Task instructions. Every line below from the one with "Ew, David Funny" through the one with "Exmark 4500-689 Safety" is to be repeated exactly, with no picture among them.

Source material.
※

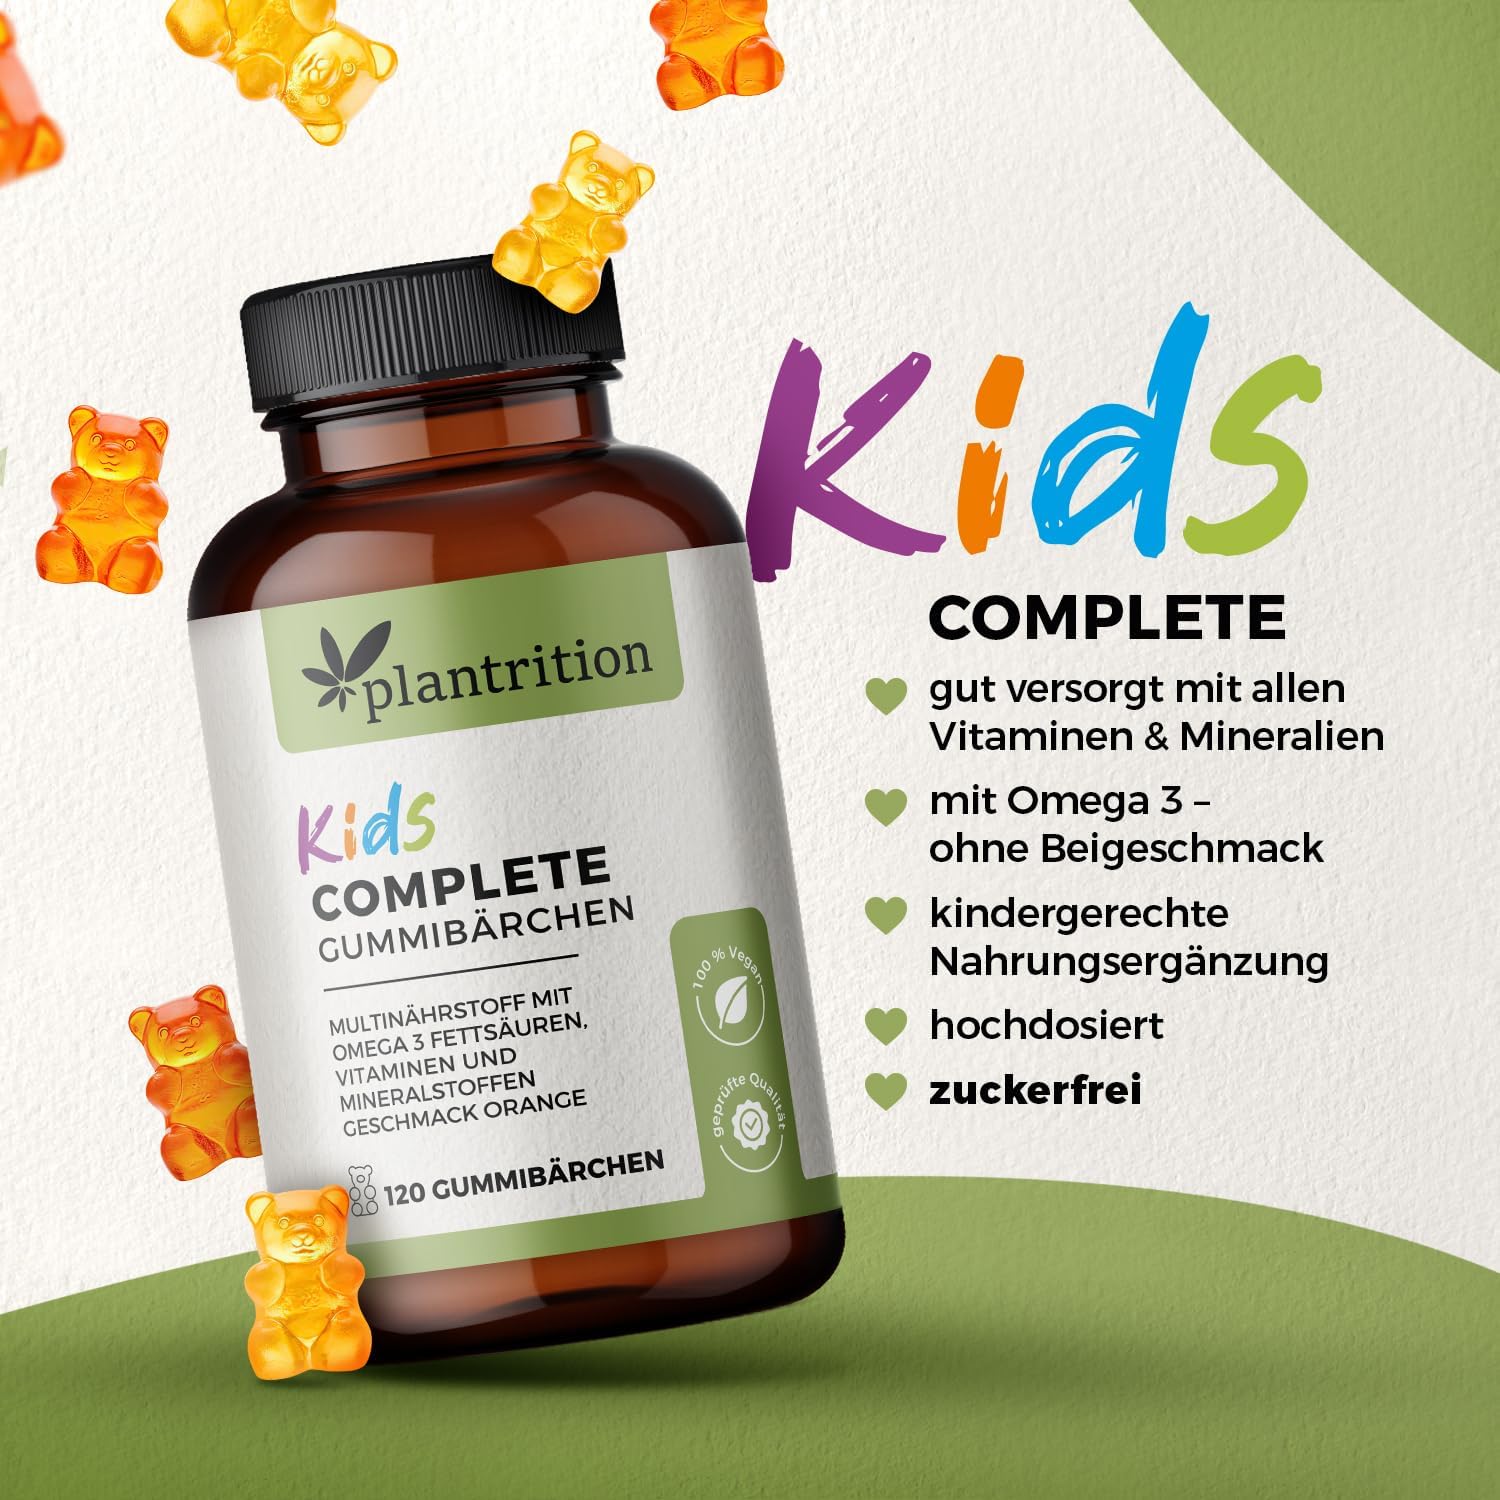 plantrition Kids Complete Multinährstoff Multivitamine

※

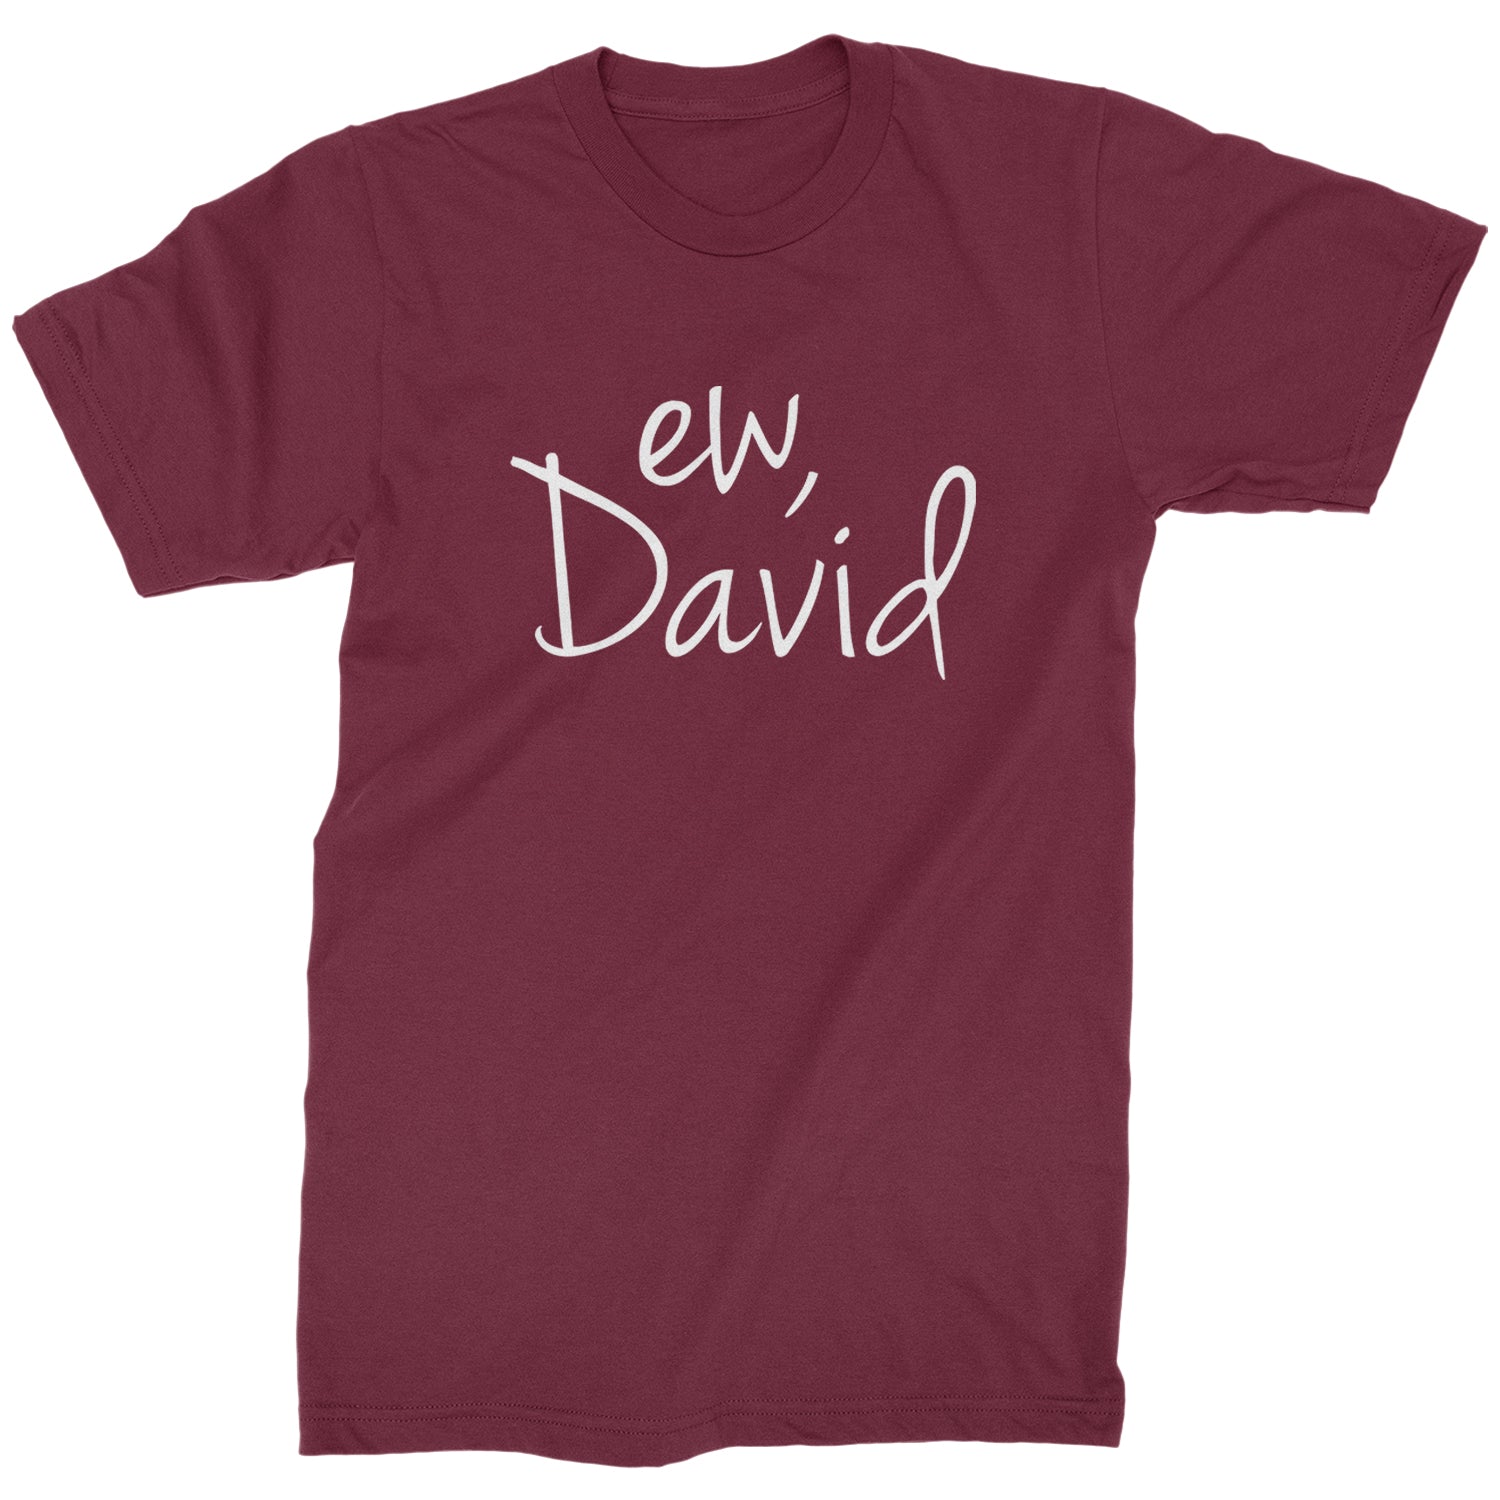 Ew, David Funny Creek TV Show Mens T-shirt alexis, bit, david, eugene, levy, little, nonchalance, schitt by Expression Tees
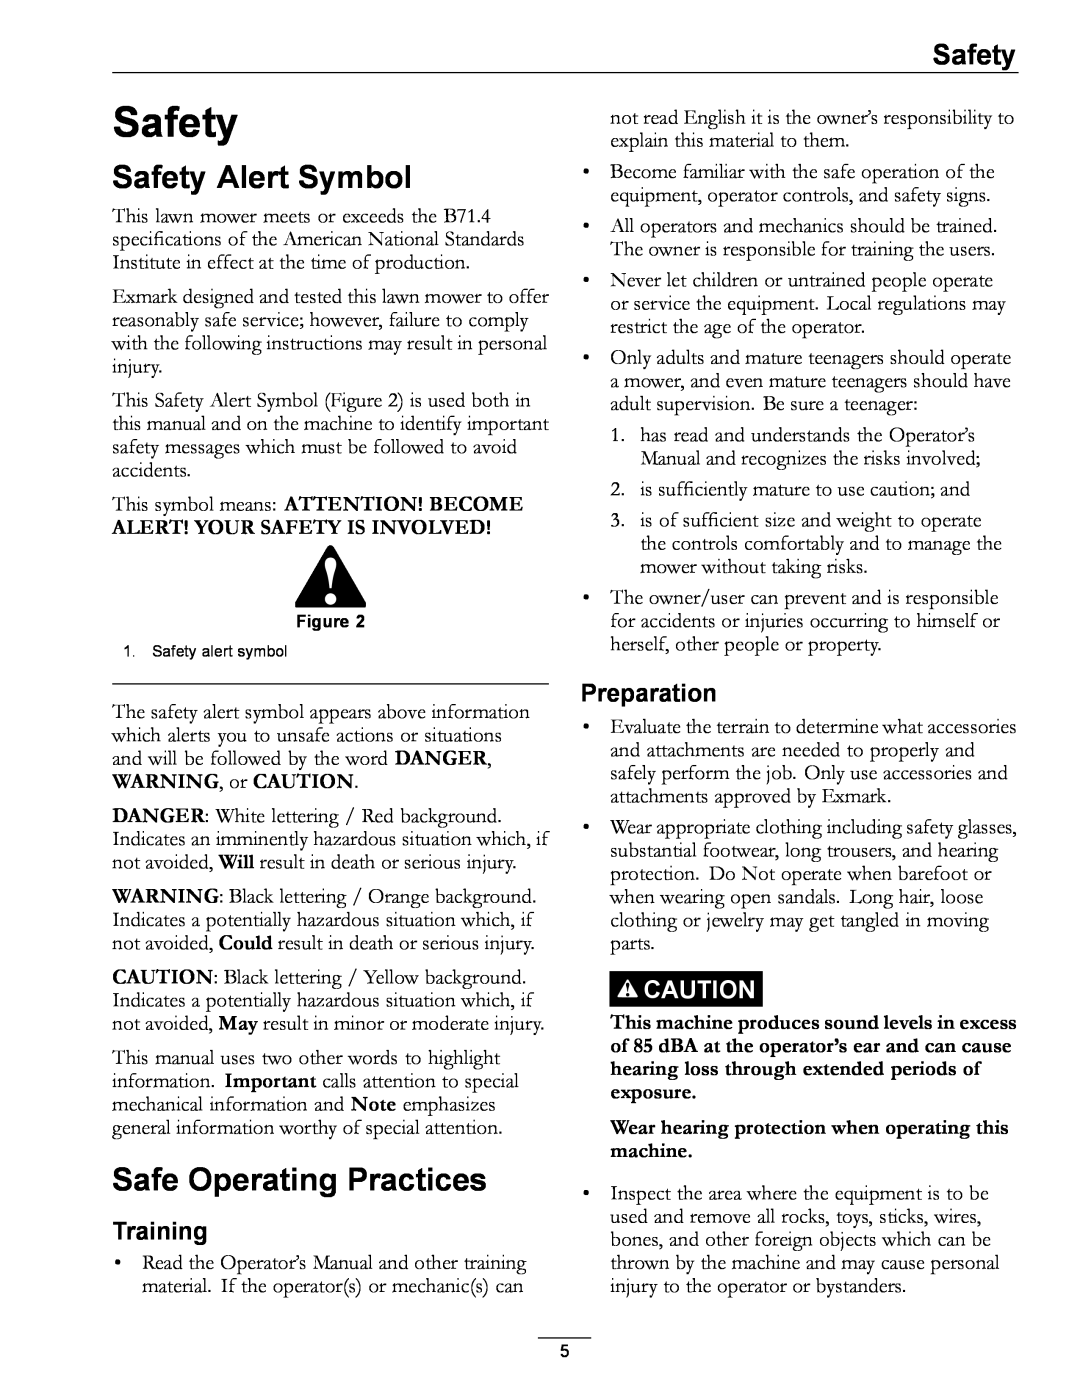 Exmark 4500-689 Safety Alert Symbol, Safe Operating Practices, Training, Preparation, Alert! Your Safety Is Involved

※

Answer space.
 Ew, David Funny Creek TV Show Mens T-shirt alexis, bit, david, eugene, levy, little, nonchalance, schitt by Expression Tees
 Exmark 4500-689 Safety Alert Symbol, Safe Operating Practices, Training, Preparation, Alert! Your Safety Is Involved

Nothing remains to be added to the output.